Directions for this task:
Look below for the line with "Billede 1 - 3" and the line with "0417更新-18_08_M Hossain_Improving Operational". Copy exactly those two lines and every line between, but not the pictures.

Stored data:
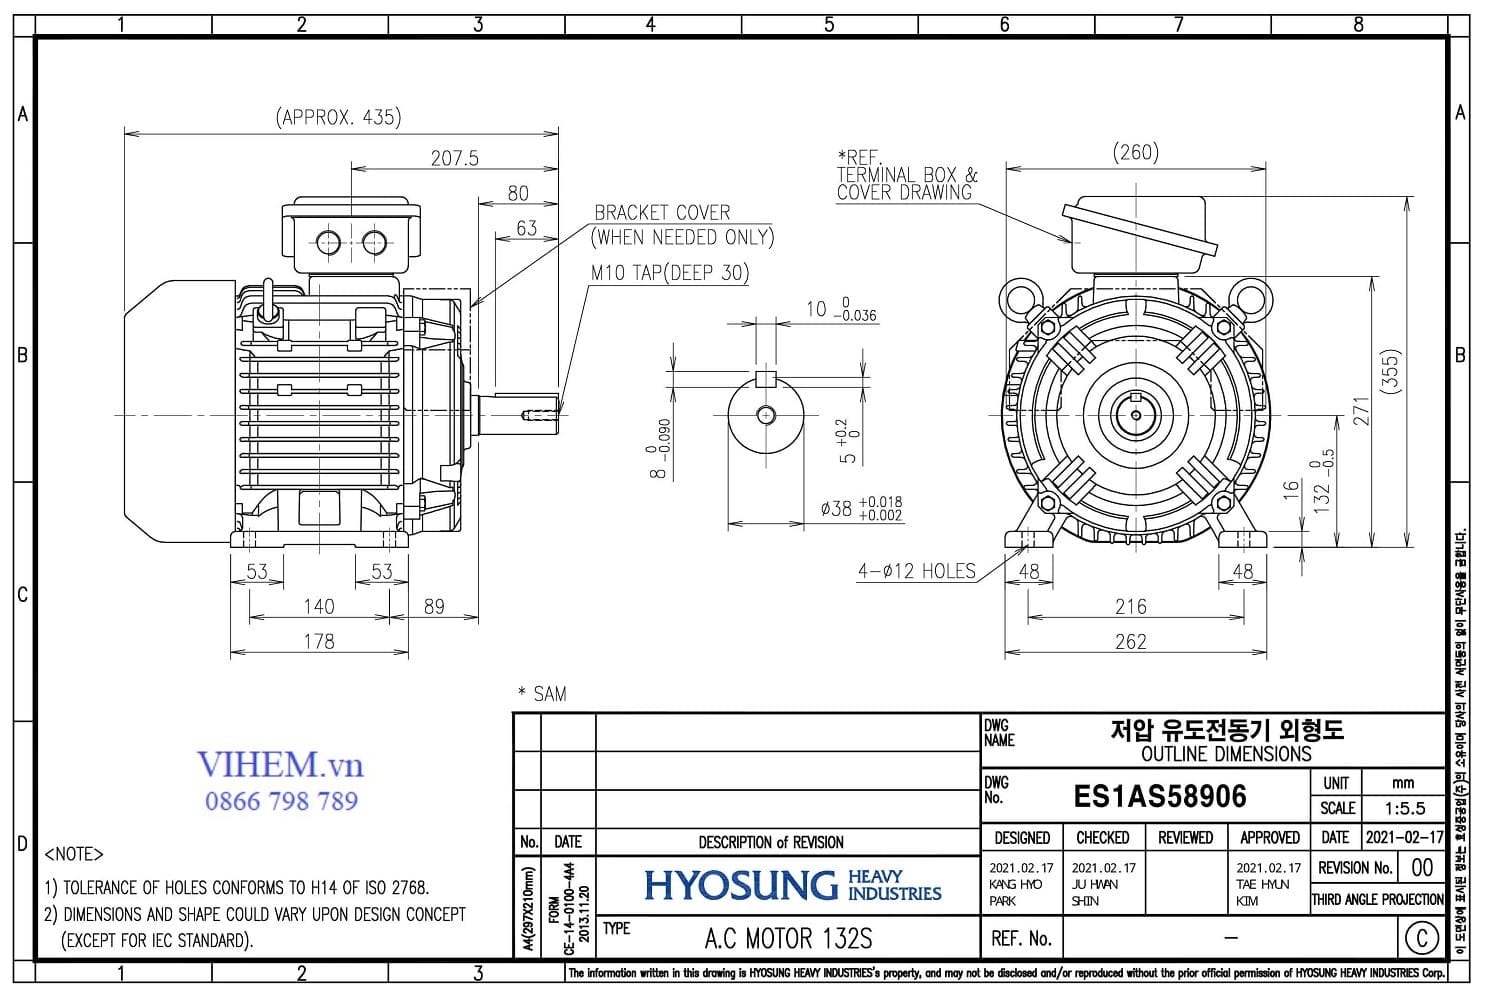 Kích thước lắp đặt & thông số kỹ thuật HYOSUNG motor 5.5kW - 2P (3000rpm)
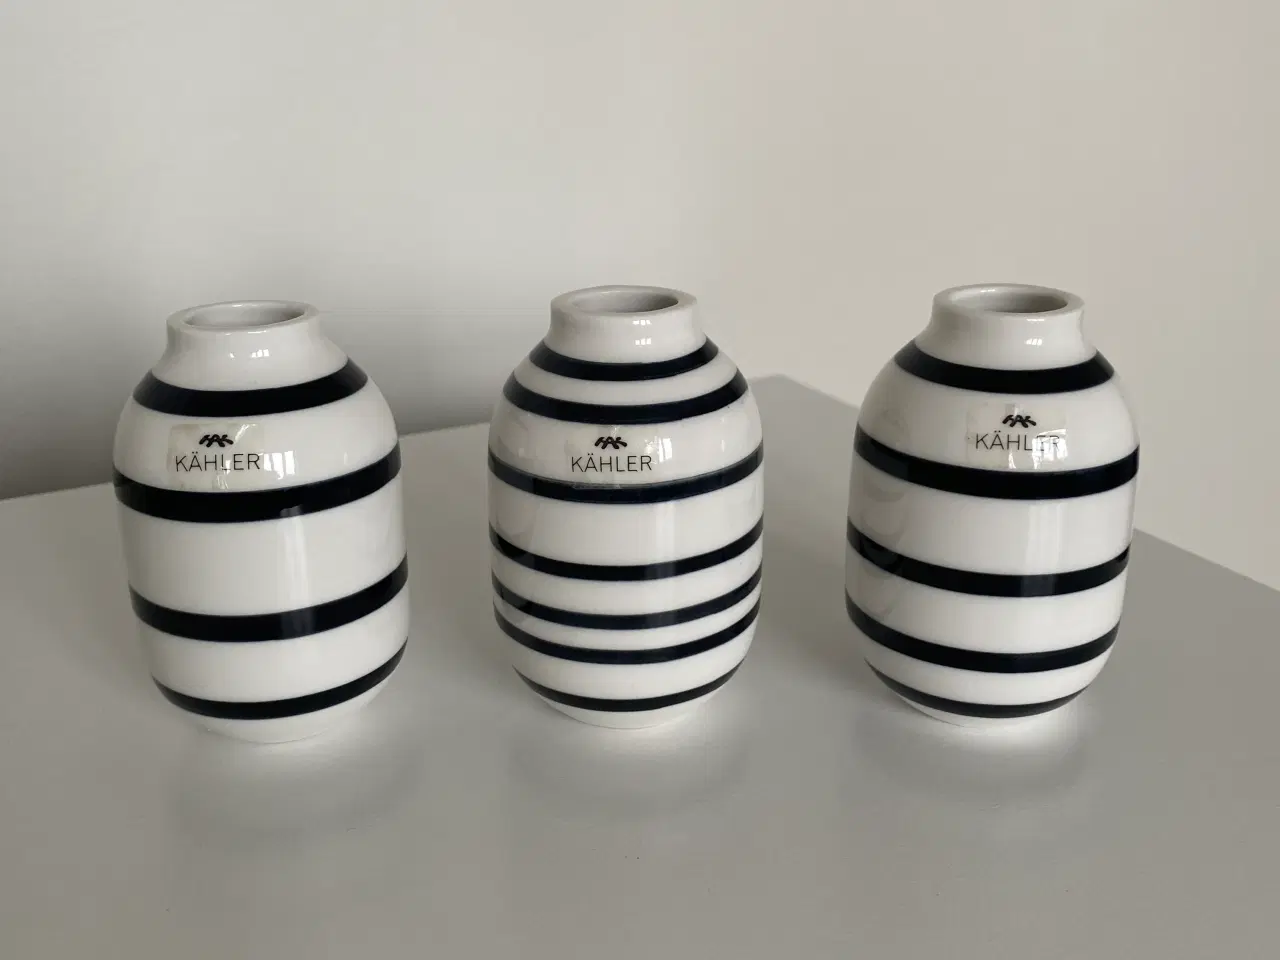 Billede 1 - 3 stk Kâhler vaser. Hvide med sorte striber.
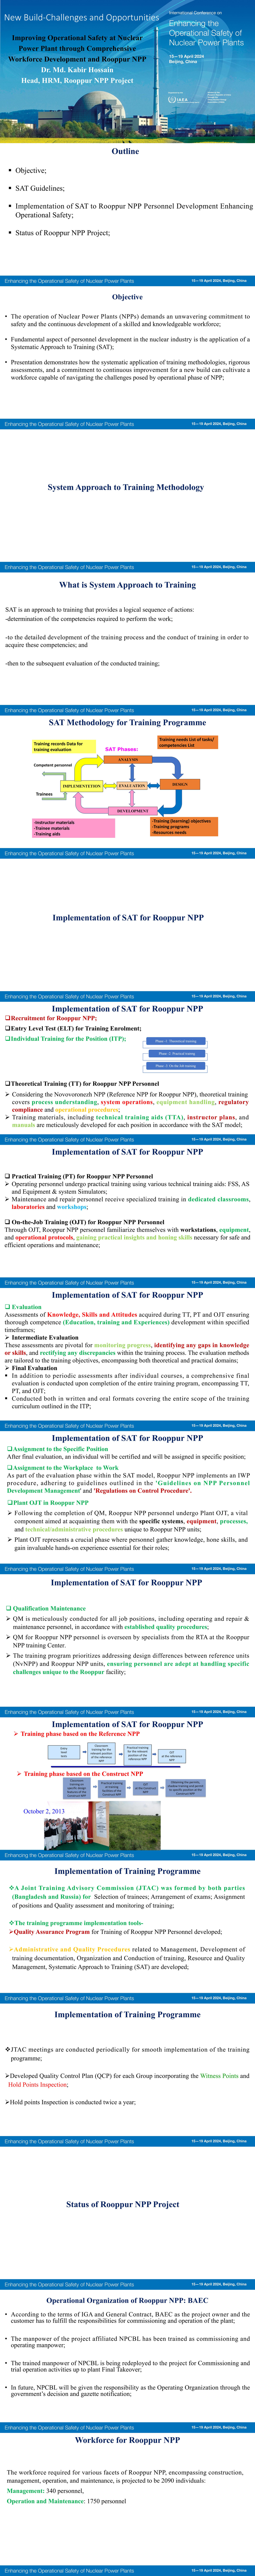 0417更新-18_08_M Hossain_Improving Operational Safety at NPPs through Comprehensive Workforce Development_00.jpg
--
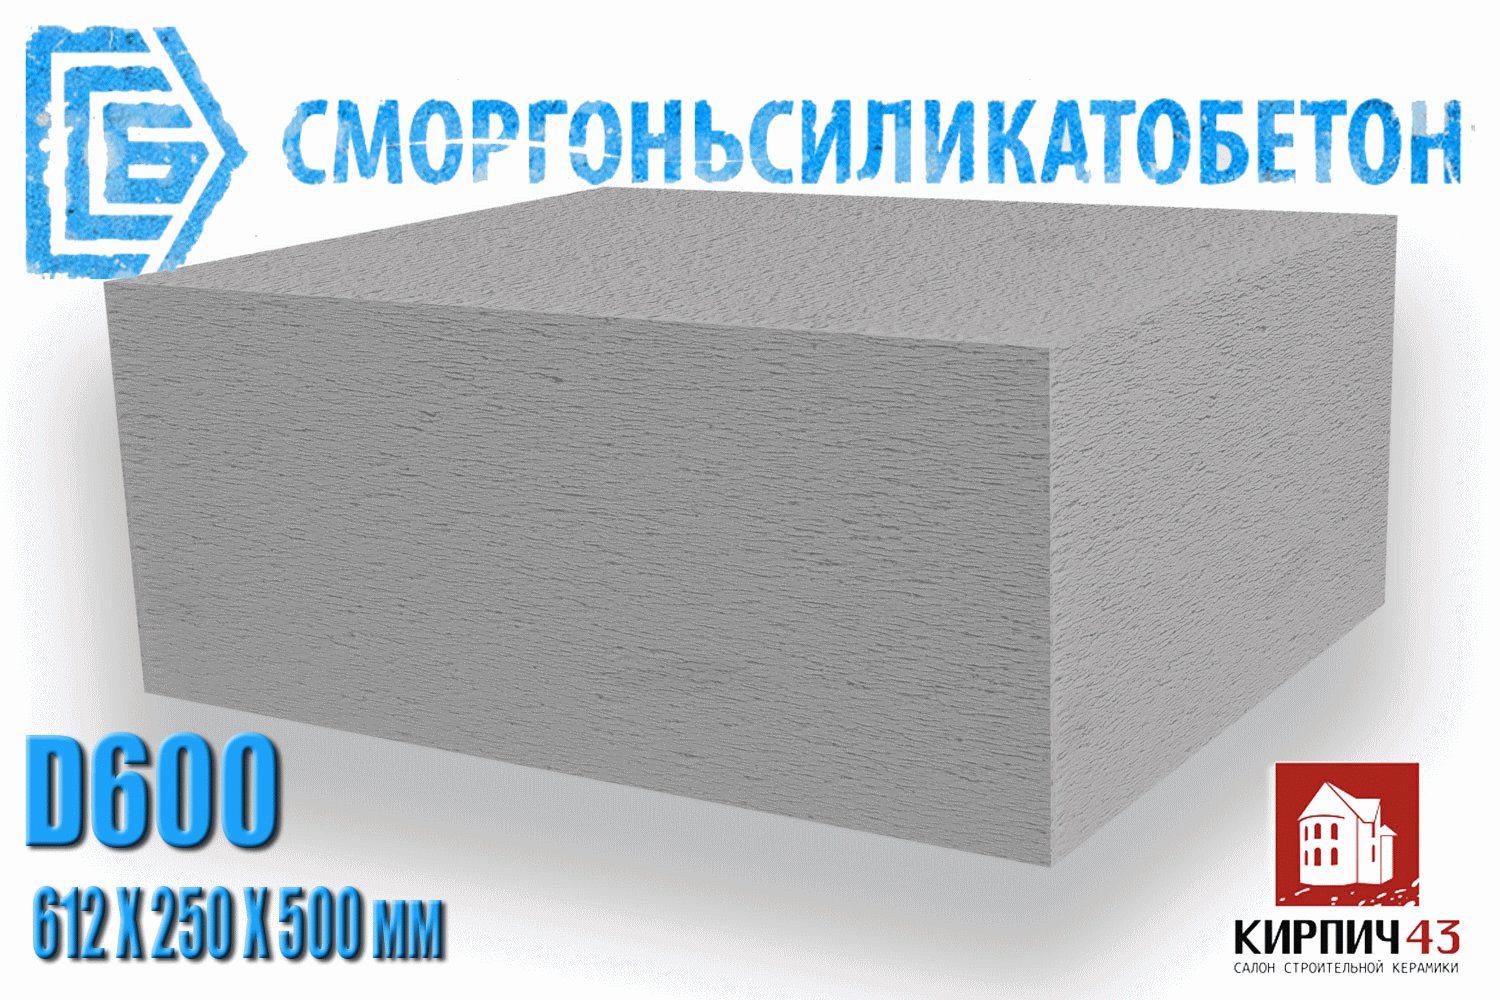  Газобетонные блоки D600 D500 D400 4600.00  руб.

Written solution:
 Billede 1 - 3 stk Kâhler vaser. Hvide med sorte striber.
 0417更新-18_08_M Hossain_Improving Operational Safety at NPPs through Comprehensive Workforce Development_00.jpg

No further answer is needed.